# DATA BELOW:
Segment Open
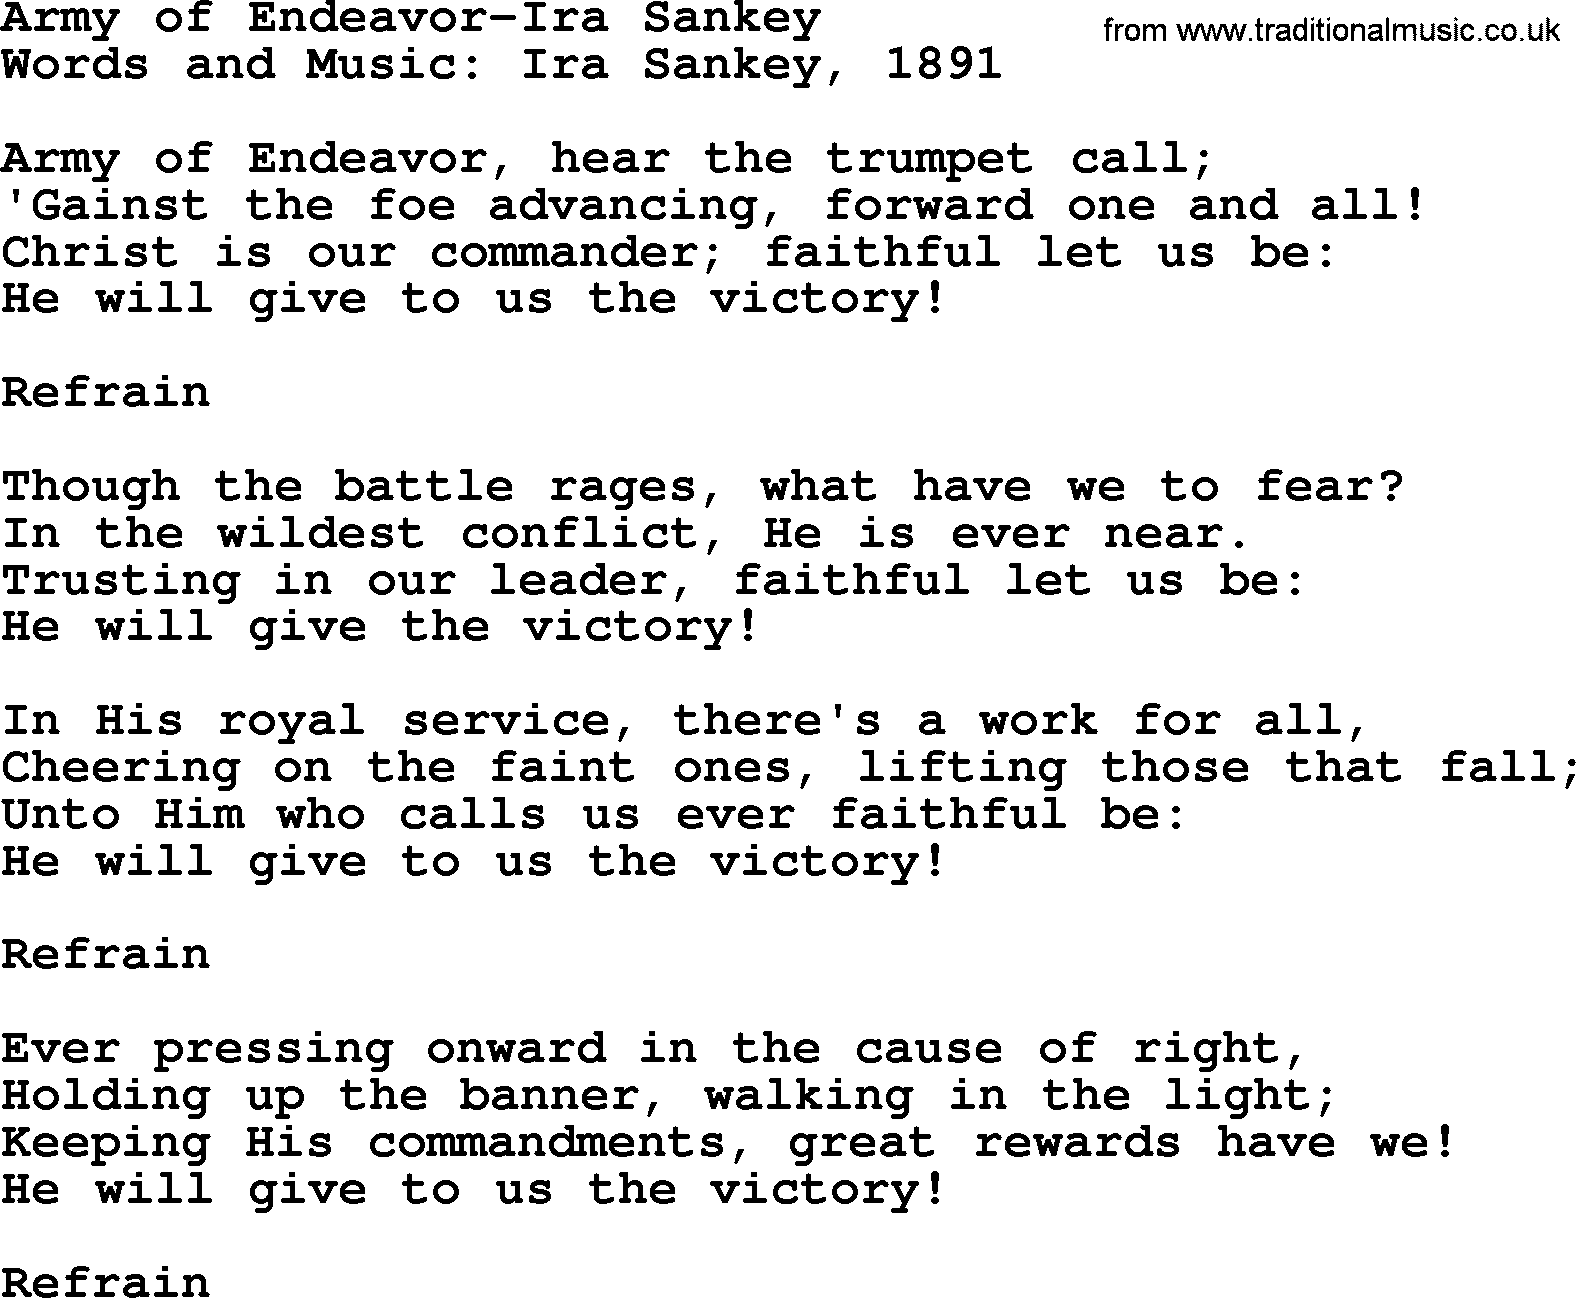 Ira Sankey hymn: Army of Endeavor-Ira Sankey, lyrics
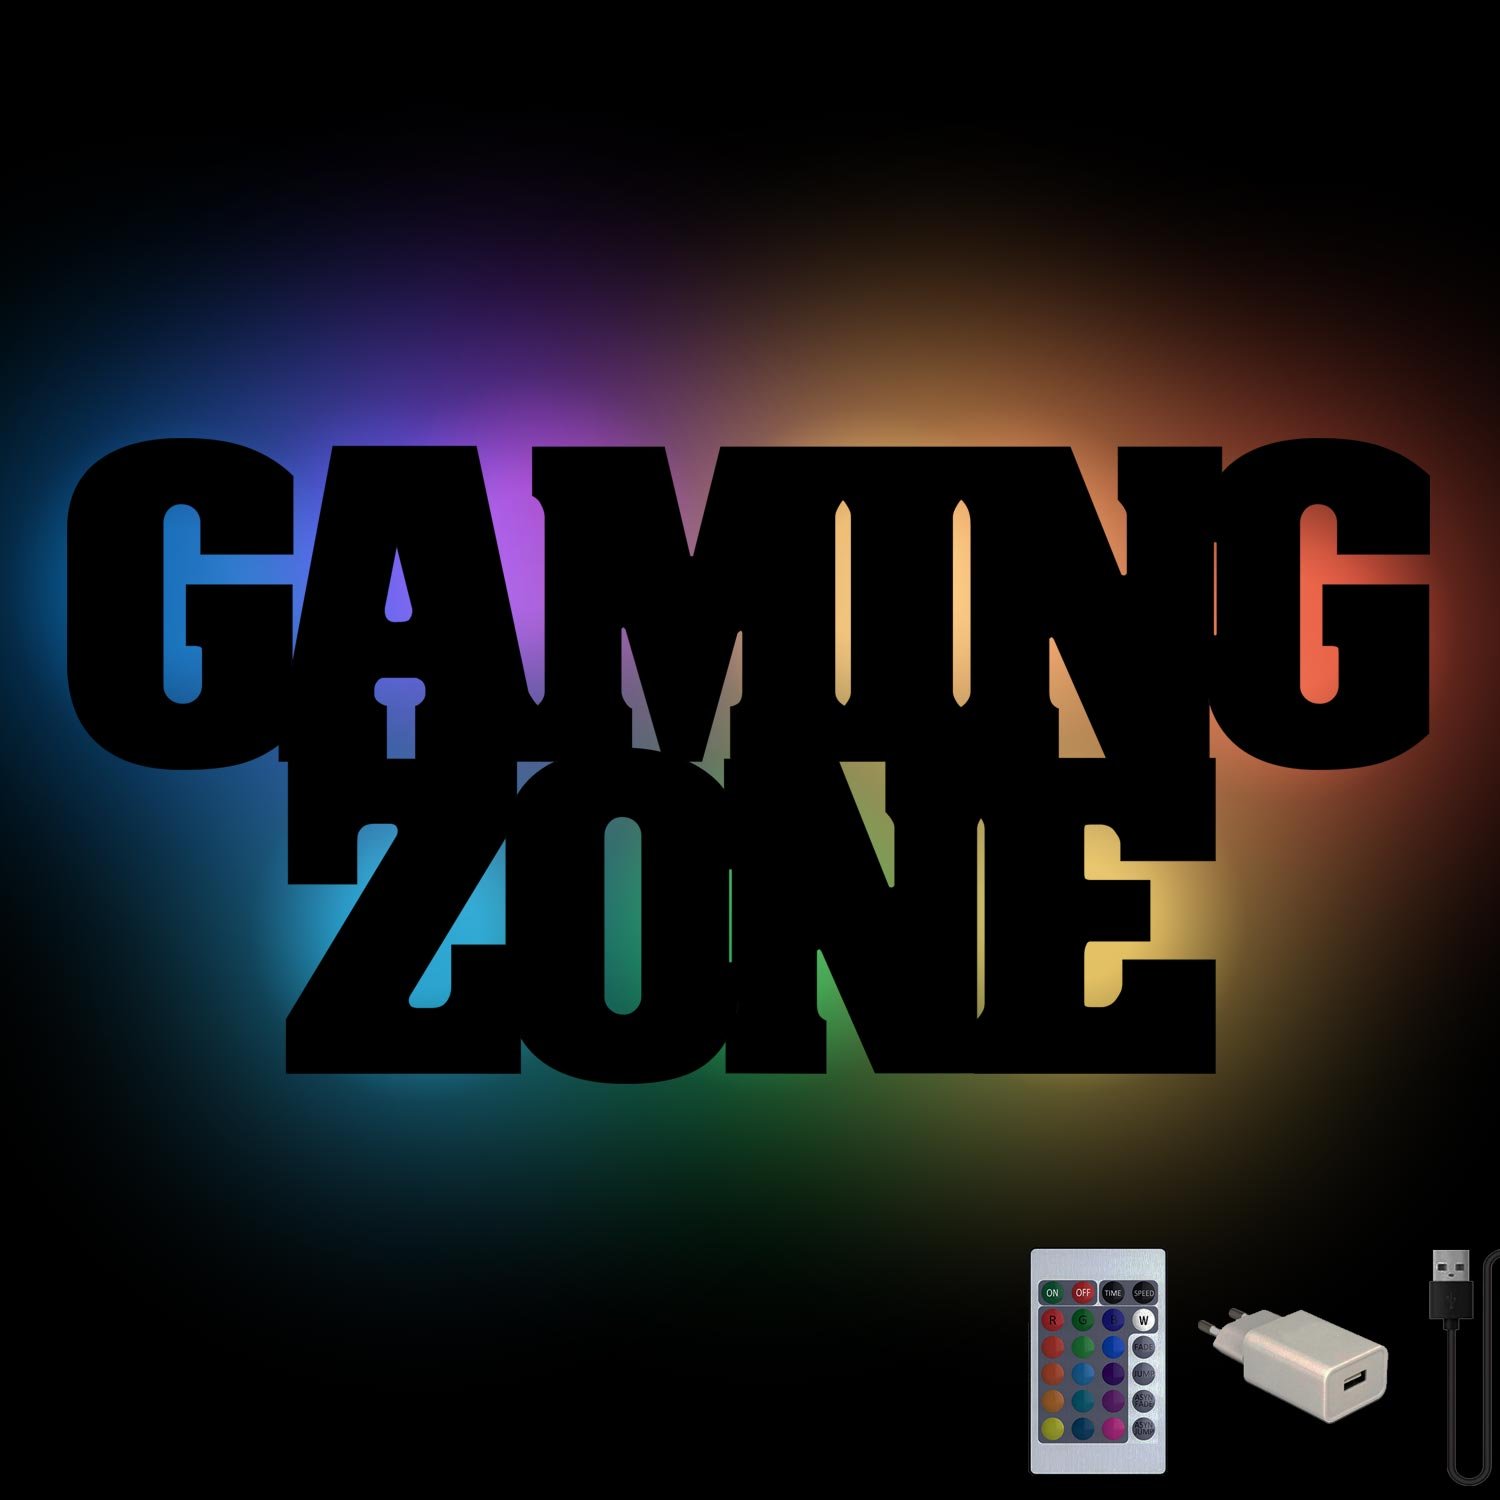 Farbwechsel LED Gaming Zone - Wanddeko
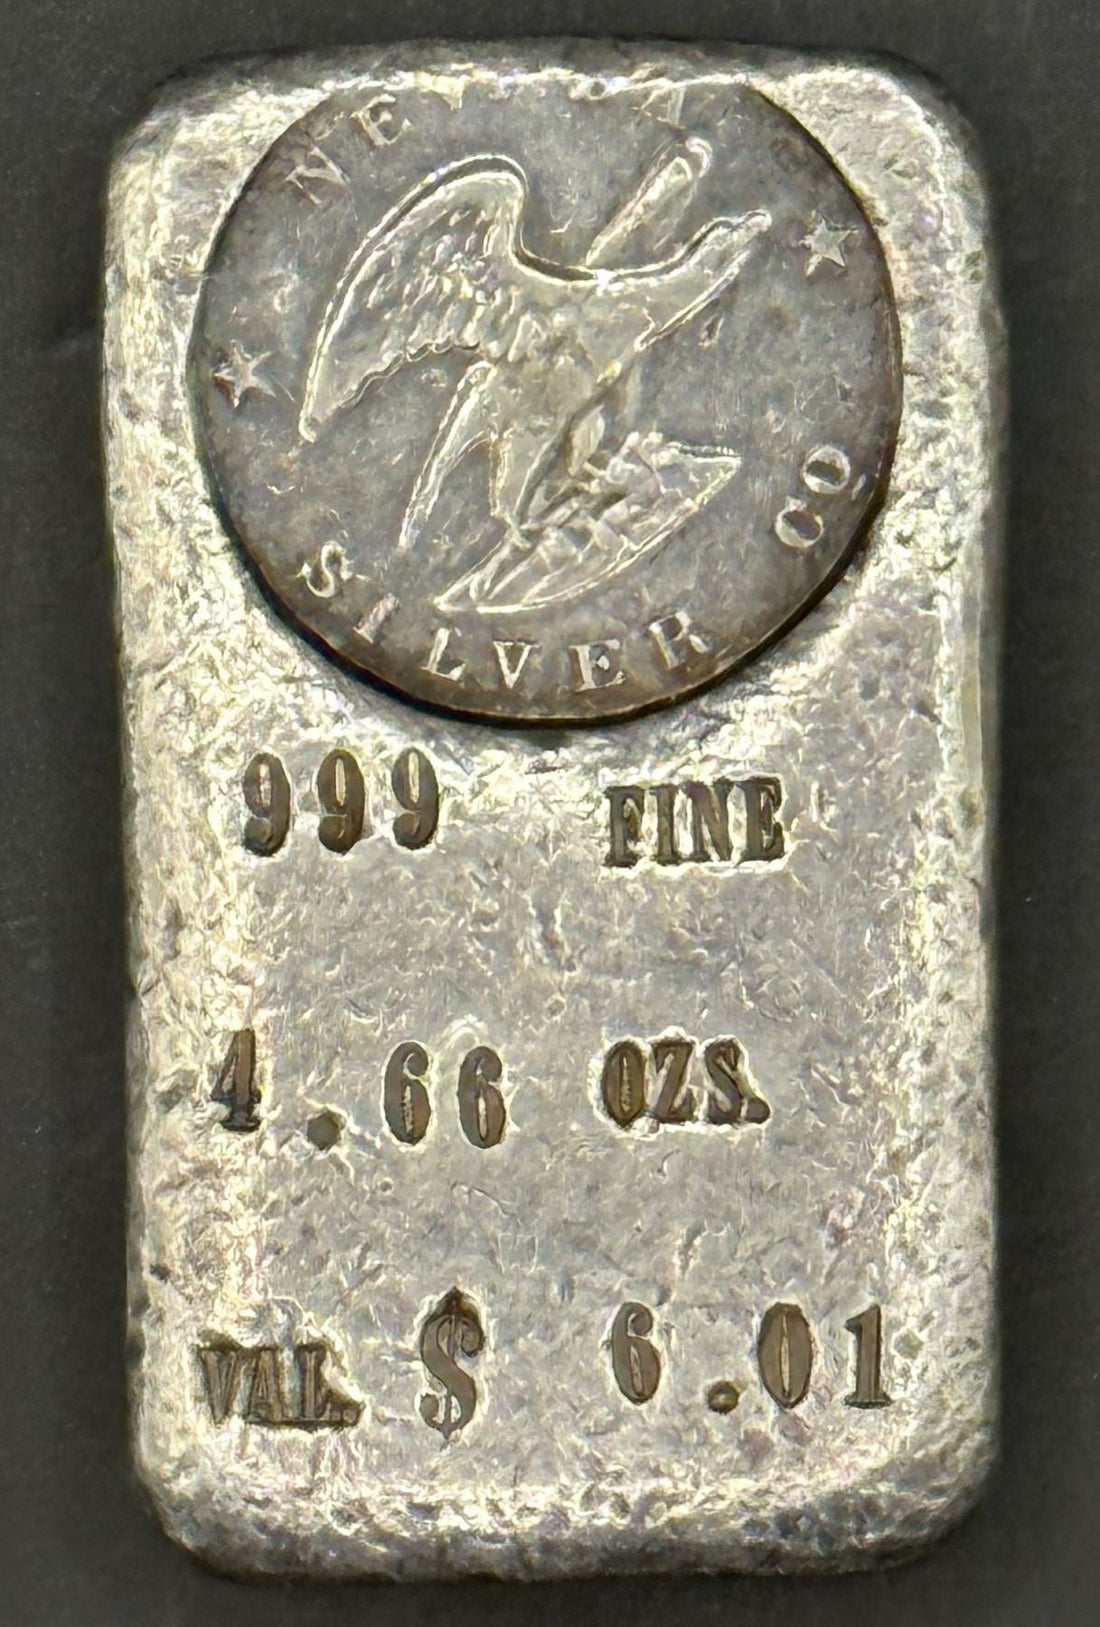 4.66 oz Nevada Silver Co (1950’s)
Segment Closed
# WORK INSTRUCTION:
Return the data above in its exact wording, with none of the pictures.

# WRITTEN SOLUTION:
 Ira Sankey hymn: Army of Endeavor-Ira Sankey, lyrics
 Farbwechsel LED Gaming Zone - Wanddeko
 4.66 oz Nevada Silver Co (1950’s)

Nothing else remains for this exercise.